Find a $6$-cycle $C$ such that $C^3=(2 \; 9) (5 \; 13) (11 \; 12)$

Question

My initial problem was:

Given $\sigma$ = $(1 \; 7 \; 3 \; 15) (2 \; 9) (4 \; 10 \; 6 \; 8 \; 14) (5 \; 13) (11 \; 12)$. Find $\tau$ such that $\tau^3 = \sigma$.

I know that there are $2$ cases.

• First case is when $\tau = C_1 * C_2 * C_3 * C_4 * C_5$, where length of $C_1=C_2=C_3=2$, $C_4$ is of length $4$, $C_5$ is of length $5$. I managed for the first case to find $C_1 = (2 \;9)$, $C_2 = (5 \; 13)$, $C_3 = (11 \; 12)$, $C_4 = (1 \; 15 \; 3 \; 7)$ and $C_5 = (4 \; 6 \; 14 \; 10 \; 8)$.
• Second case is when $\tau =C* C_4 * C_5$, where $C_4$ and $C_5$ are the same as in the first case and $C$ is of length $6$, since $\sigma$ has $3$ transpositions. But I've got stuck at finding $C$.

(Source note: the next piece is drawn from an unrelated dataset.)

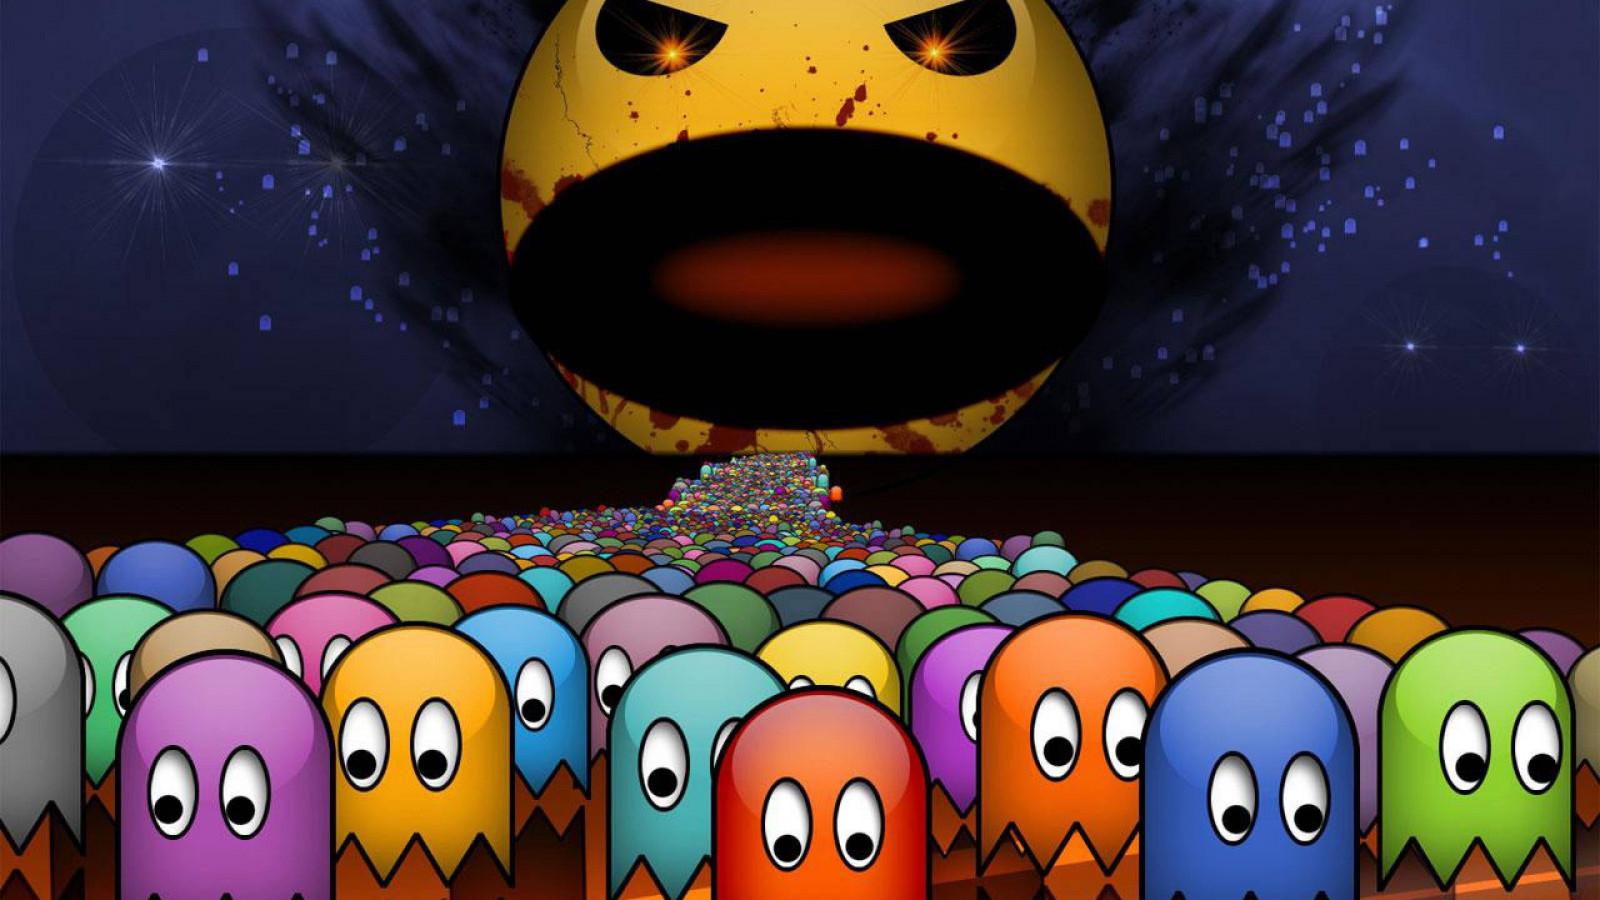 Fond d'écran : illustration, jeux vidéo, dessin animé, Pac-Man, Geek, Jeux, capture d'écran ...

So, my remaining problem is:

Find a $6$-cycle $C$ such that $C^3=(2 \; 9) (5 \; 13) (11 \; 12)$ (or if possible, find all such $C$s).

Answer 1

The cube of an arbitrary $6$-cycle $$\rho=(a\;b\;c\;d\;e\;f)$$ is $$\rho^3=(a\;d)(b\;e)(c\;f).$$ The solutions $C$ can therefore be found the following way, after deciding which of your $6$ cyclically permuted numbers you will write first, i.e. to which number will $a$ correspond. Let us say for instance $a$ corresponds to $2$, hence $d$ must correspond to $9$.

• choose to which of the two remaining (unordered) pairs $\{5,13\}$ and $\{11,12\}$ will $(b\;e)$ correspond. $(c\;f)$ will then correspond to the other unordered pair of numbers.
• independently, order these two unordered pairs.

For instance if the first step was $(b\;e)\mapsto\{5,13\}$ (hence $(c\;f)\mapsto\{11,12\}$), and if you choose to order the two pairs $\{5,13\}$ and $\{11,12\}$ by respectively $5$ first and $11$ first, the correspondance will be $a\mapsto2,d\mapsto9,b\mapsto5,e\mapsto13,c\mapsto11,f\mapsto12$ hence the solution will be $$C=(2\;5\;11\;9\;13\;12).$$ The $7$ other solutions are $$\begin{matrix}&(2\;5\;12\;9\;13\;11)&(2\;13\;11\;9\;5\;12)&(2\;13\;12\;9\;5\;11)\\(2\;11\;5\;9\;12\;13)&(2\;11\;13\;9\;12\;5)&(2\;12\;5\;9\;11\;13)&(2\;12\;13\;9\;11\;5).\end{matrix}$$

Answer 2

You can do this individually for each of the disjoint cycles making up $\sigma$, and multiply the answers together.

Let $\tau$ be one of these cycles, of cycle length $n$. Note that none of the $n$ are divisible by 3, so there are integers $a,b$ such that $an + 3b = 1$. Then $(\tau^b)^3 = \tau^{1 - an} = \tau$, so $\tau^b$ is the third root of $\tau$ you are looking for.